Your goal:
Go through the listing below and write out exactly the lines from the one that mentions "Drawer Display Cabinet" through the one that mentions "4_9_18 Christine and", minus the pictures.

Data for this exercise:
--
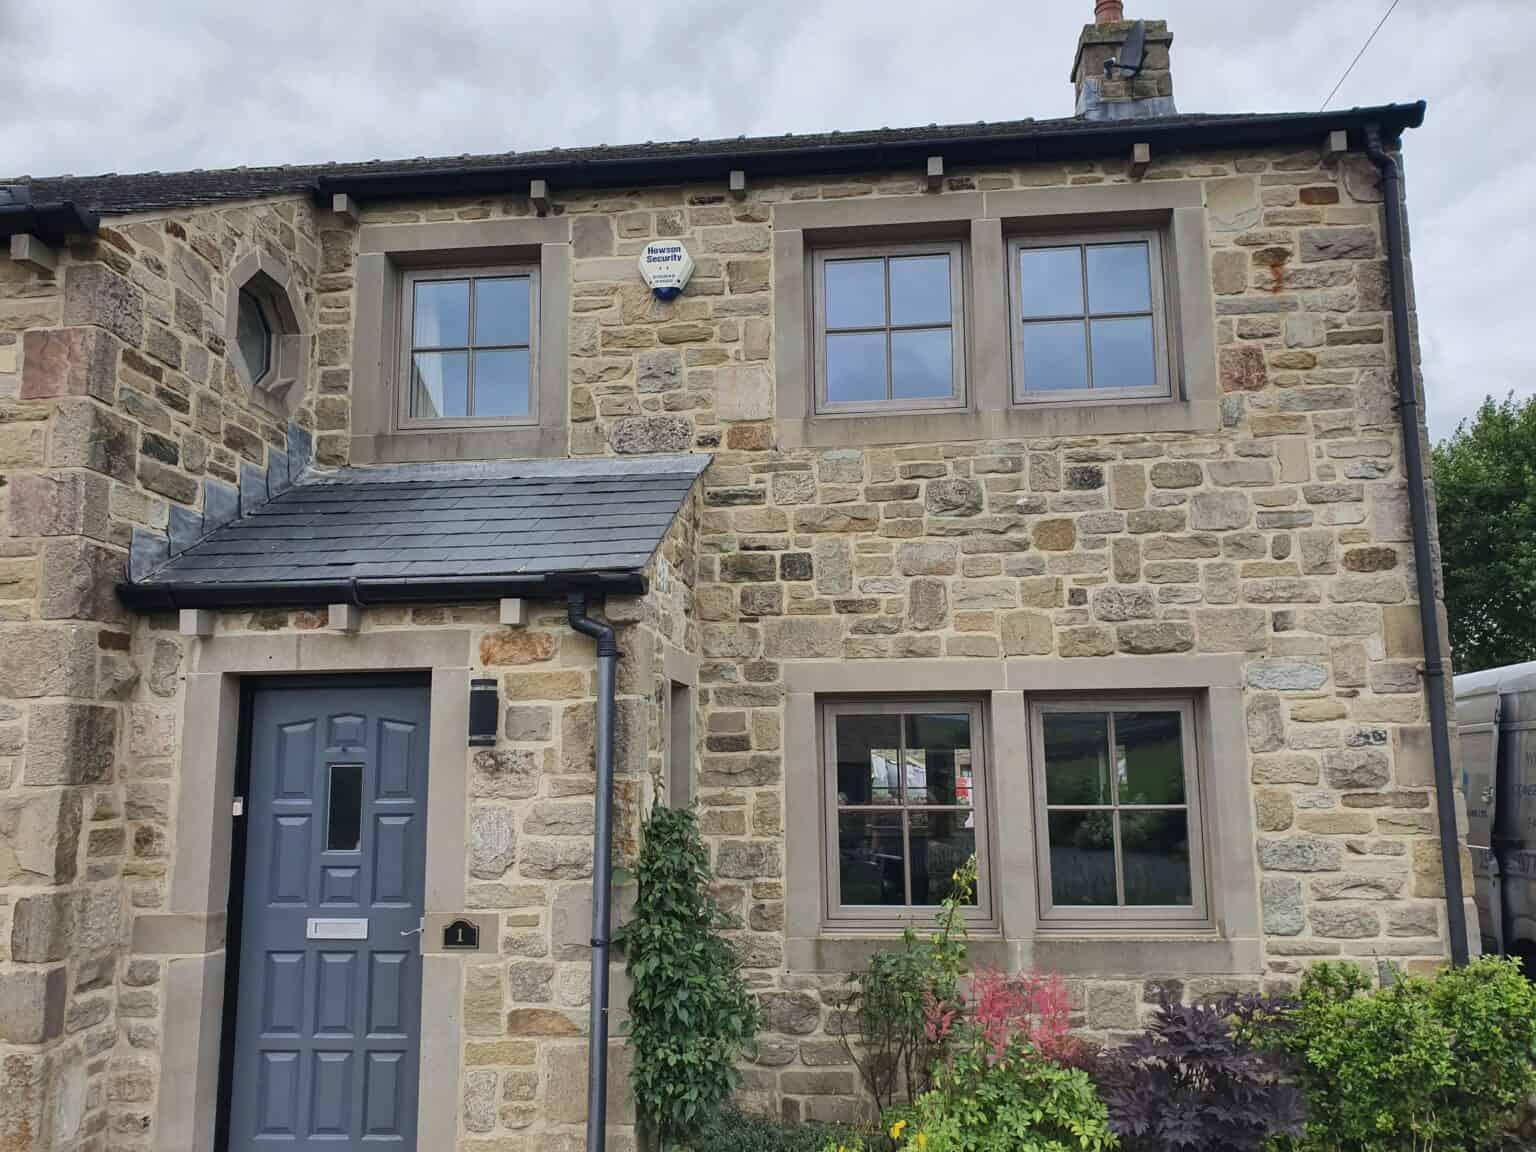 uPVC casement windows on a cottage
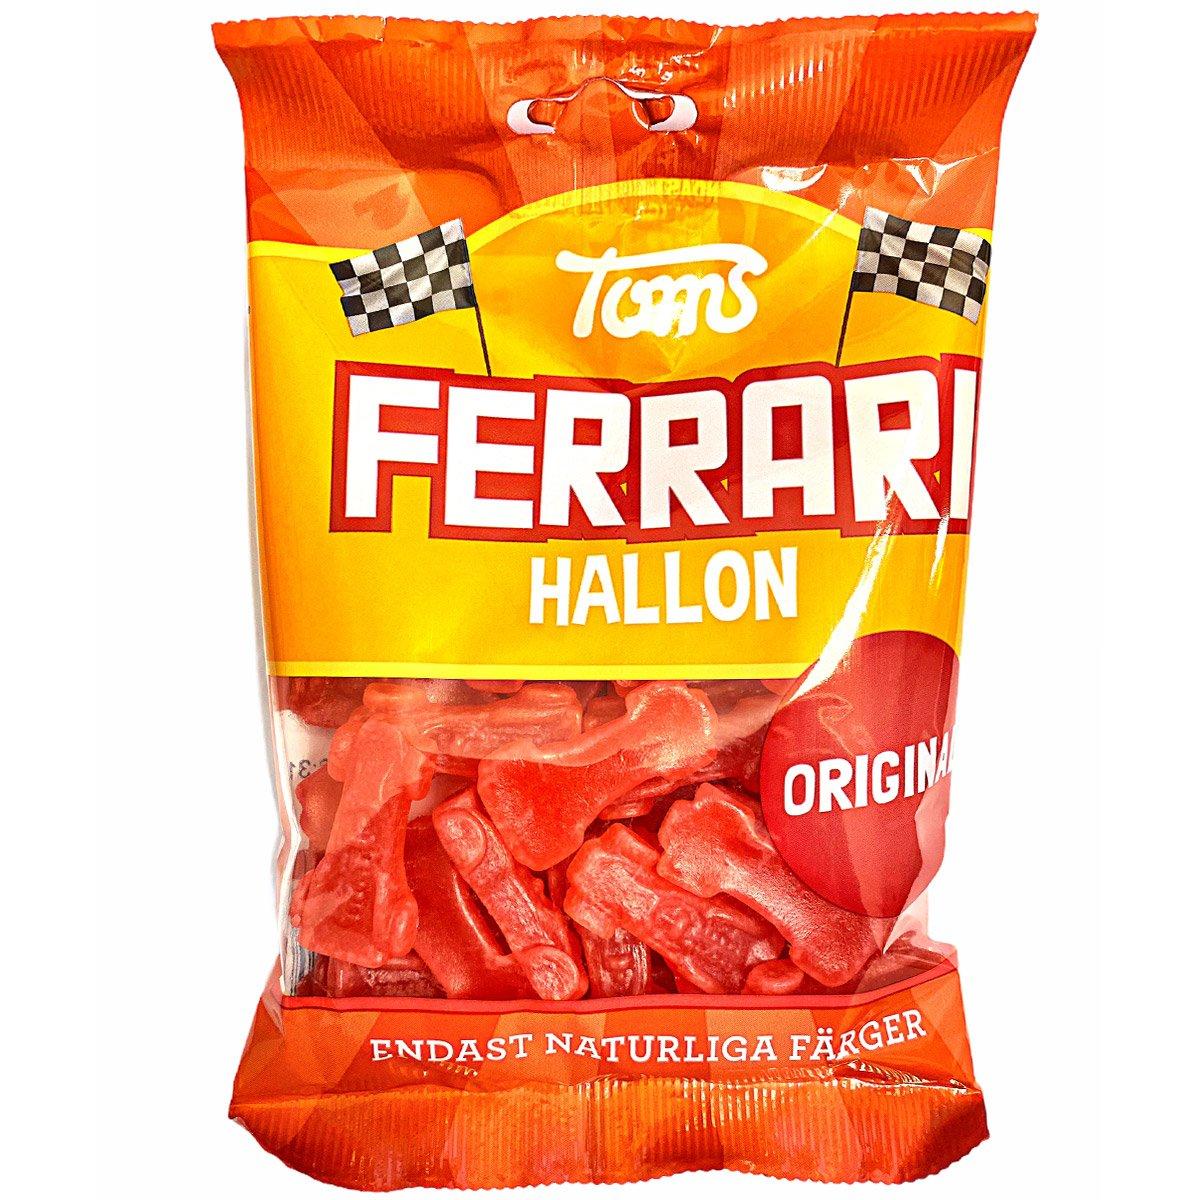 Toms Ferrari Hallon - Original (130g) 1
--
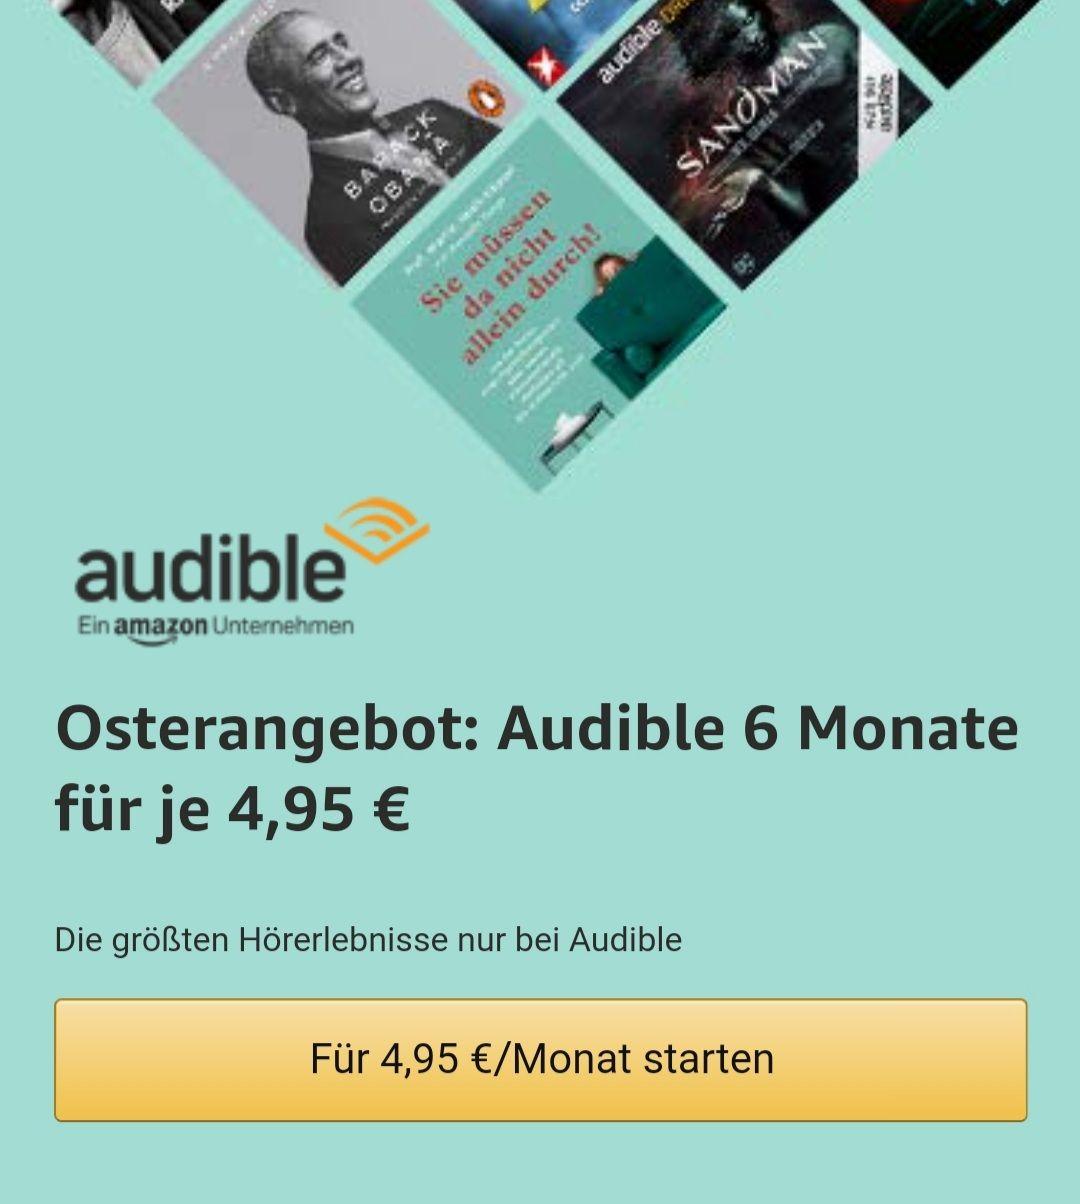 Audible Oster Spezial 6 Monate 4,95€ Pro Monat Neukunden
--
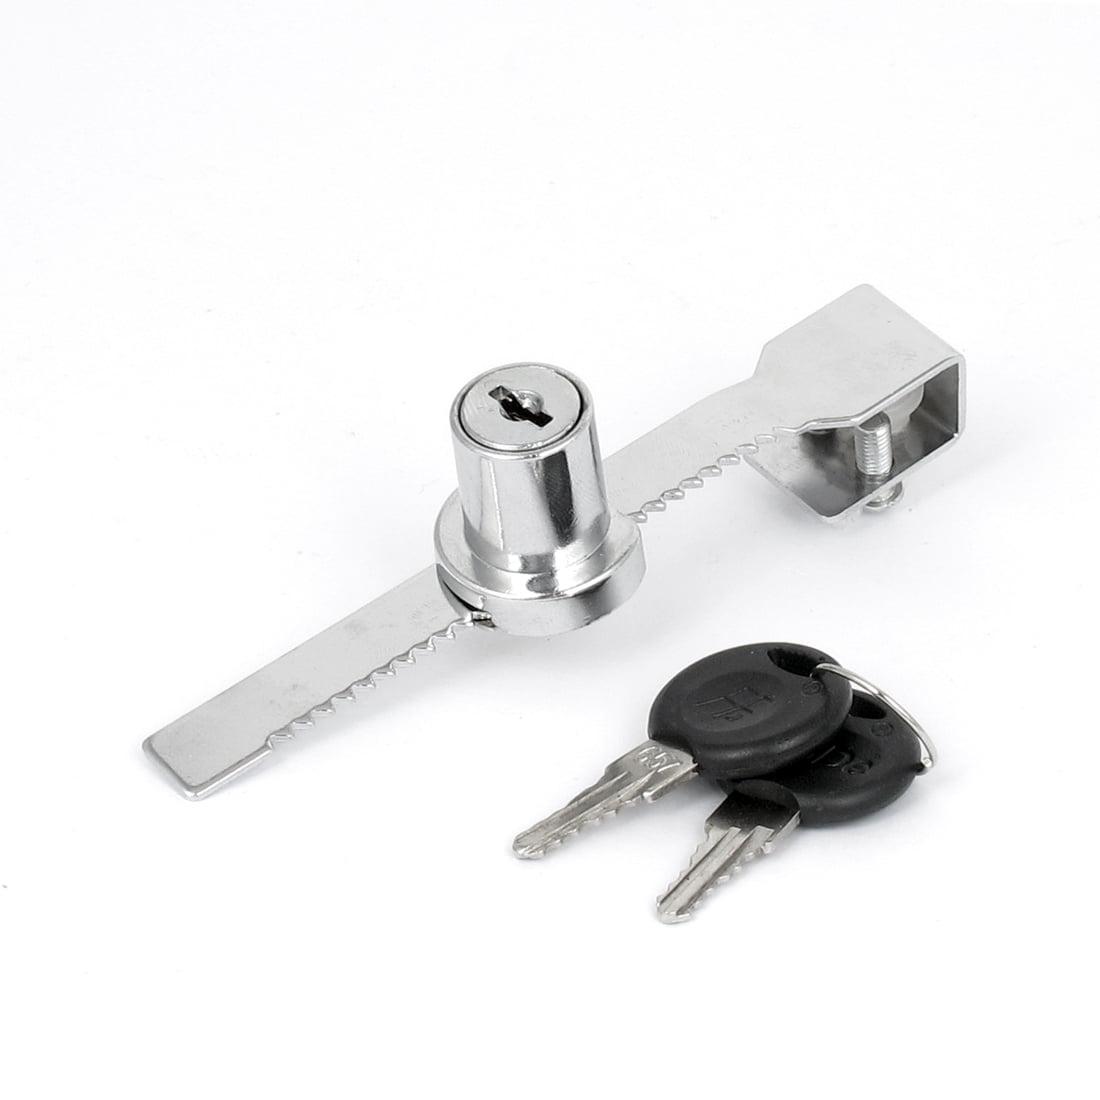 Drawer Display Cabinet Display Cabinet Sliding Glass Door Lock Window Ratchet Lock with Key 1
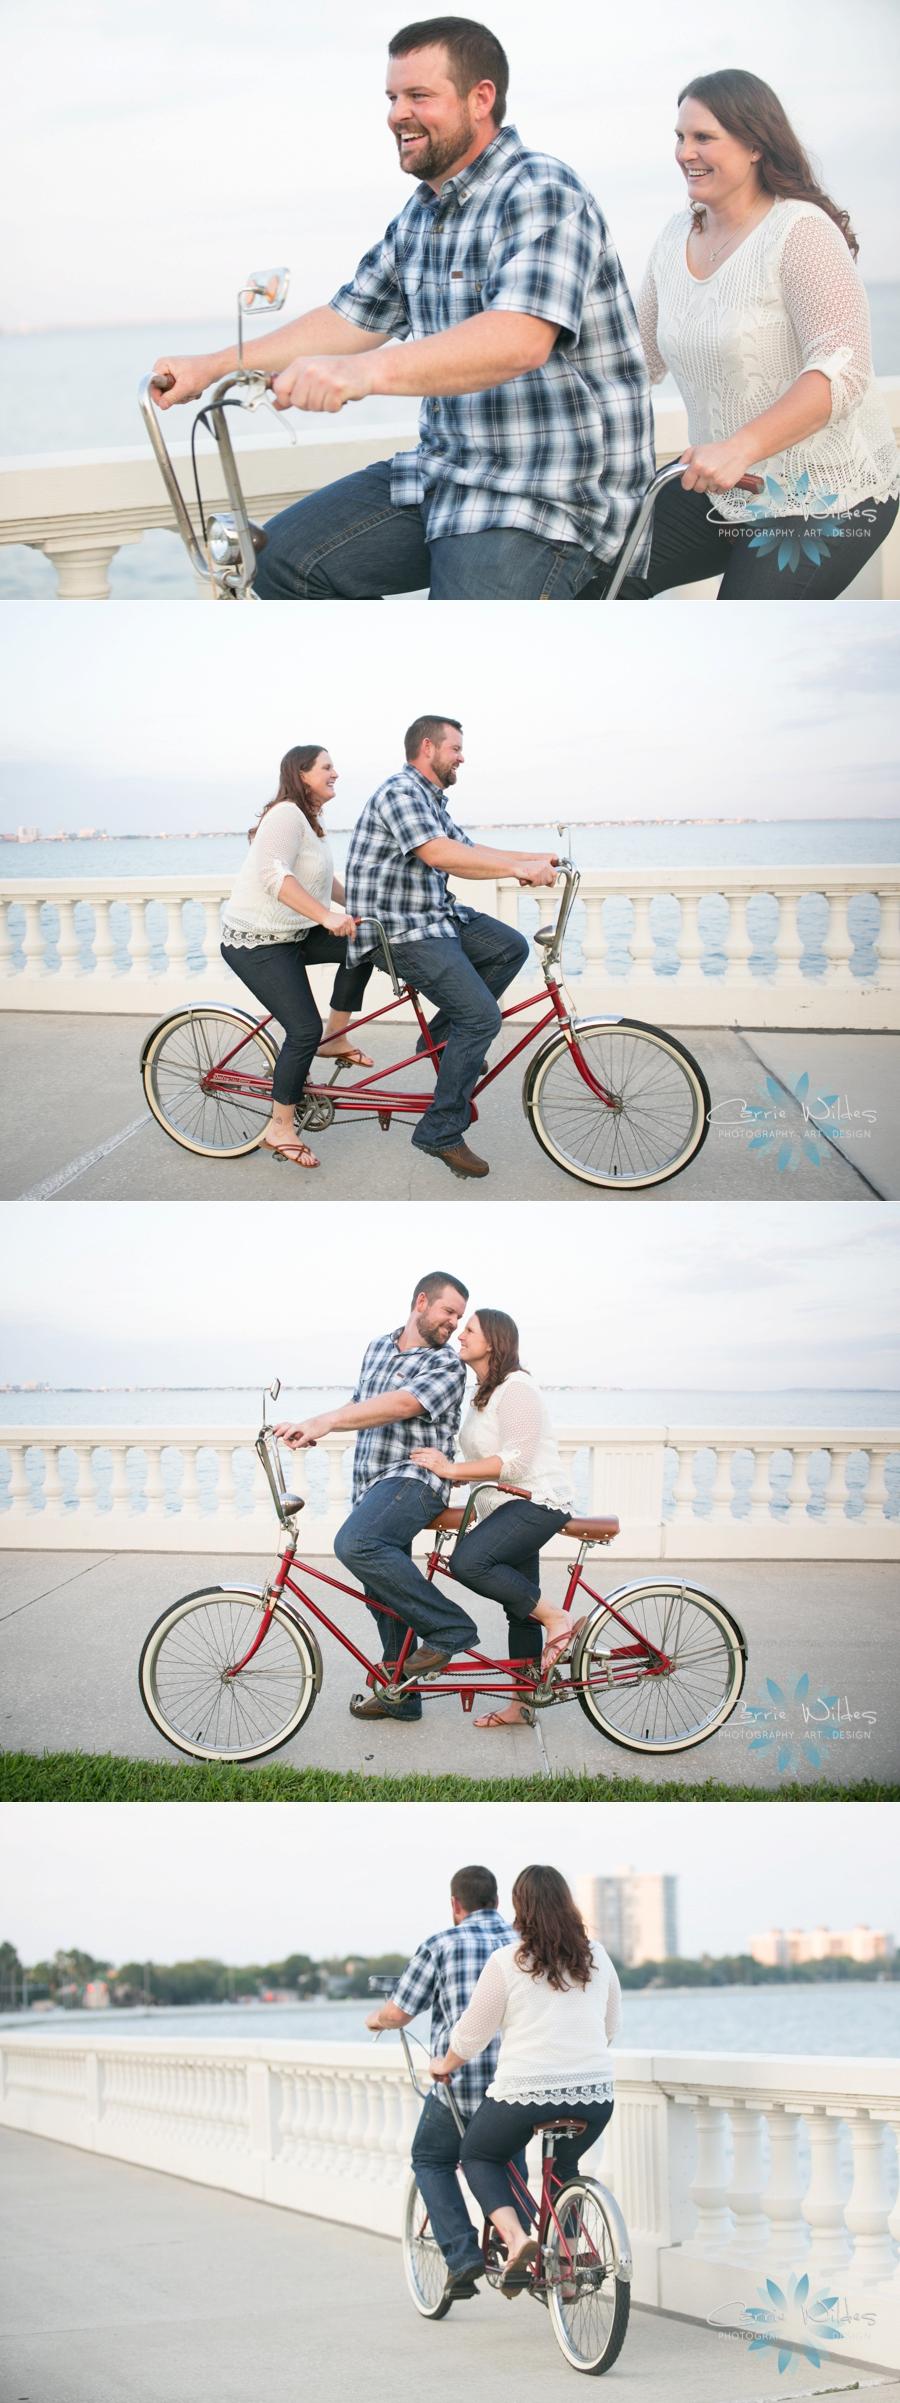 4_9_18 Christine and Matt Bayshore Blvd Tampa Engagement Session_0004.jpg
--
Answer for this exercise:
 Drawer Display Cabinet Display Cabinet Sliding Glass Door Lock Window Ratchet Lock with Key 1
 4_9_18 Christine and Matt Bayshore Blvd Tampa Engagement Session_0004.jpg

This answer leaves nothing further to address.